= Allgemeine Literatur-Zeitung =

German literary journal, 1785–1849

The Allgemeine Literatur-Zeitung was a literary journal founded in Jena in 1785 and discontinued in Halle in 1849. It was launched with the aim of reviewing and critically accompanying the entire current literary production of the time. It became the highest-circulation and most influential German-language newspaper of its kind during this period.

==History==

Founded by the publisher and patron Friedrich Justin Bertuch together with the literature professor at the University of Jena Christian Gottfried Schütz and the Weimar poet and writer Christoph Martin Wieland. The newspaper attracted more than 2,000 subscribers, and started publishing daily just two years later. Its best-known contributors included Johann Wolfgang von Goethe, Friedrich Schiller, Immanuel Kant, Johann Gottlieb Fichte and Alexander von Humboldt. The works reviewed in the Allgemeine Literatur-Zeitung between 1785 and 1800 were indexed in the Schriftenverzeichnis Allgemeines Repertorium der Literatur (Weimar 1793–1807).

In 1804 Schütz accepted a professorship in literary history and rhetoric in Halle (Saale), having moved the place of publication of the Allgemeine Literatur-Zeitung to that city as early as 1803. He continued to publish the newspaper there together with the professor and librarian Johann Samuel Ersch.

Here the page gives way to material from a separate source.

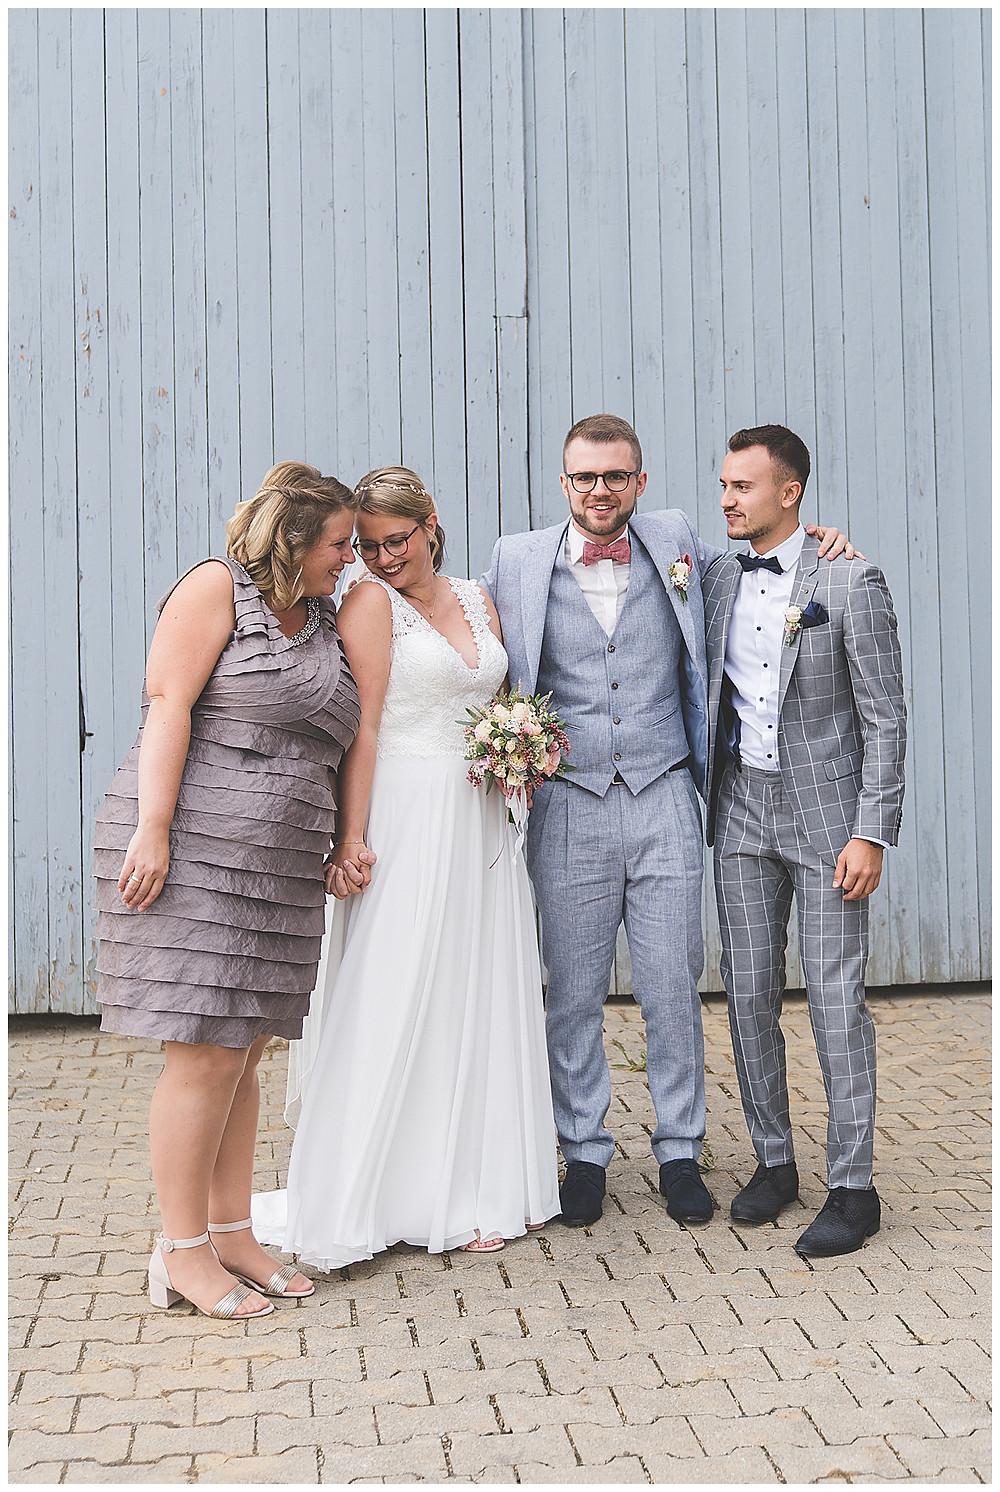 Brautpaar mit Trauzeugen lachend

Starting in January 1804, an offshoot off the journal, named the Jenaische Allgemeine Literatur-Zeitung appeared, at Goethe's instigation beginning in August 1803. Goethe felt compelled to take this step because he feared the decline of the status of the university in Jena. He recruited the Jena classical philologist Heinrich Karl Abraham Eichstädt as the chief editor. Both literary newspapers, the Jenaische and Hallesche, were initially in competition with each other. However, the Jenaische Literaturzeitung opened itself more and more to the new political and philosophical directions and regularly included contributions from the fields of medicine, anthropology and natural science, whereas the Hallesche Zeitung, with Schütz, remained true to Kantian philosophy and suffered from increasing decline over the following years.

The Jenaische Literaturzeitung very quickly surpassed the Hallesche in type and scope. In a preface to the 1812 edition, it was mentioned that there were already over 600 contributors to the newspaper. Articles on the "fine arts" were often accompanied by the byline "W.K.F.", an abbreviation for the "Weimar Friends of the Arts" (Weimarer Kunstfreunde). Heinrich Meyer was often the author, but Goethe and Schiller also used this signet. During the years 1804 to 1837, the newspaper appeared three times a week. The frequency of publication was then gradually reduced until it finally appeared only monthly, finally ceasing publication in 1841.

After the Allgemeine Literatur-Zeitung in Halle also ceased publication in 1849, its place in the world of German letters was taken by the Literarisches Centralblatt für Deutschland, founded by Friedrich Zarncke in Leipzig in 1850, until it closed down in 1944.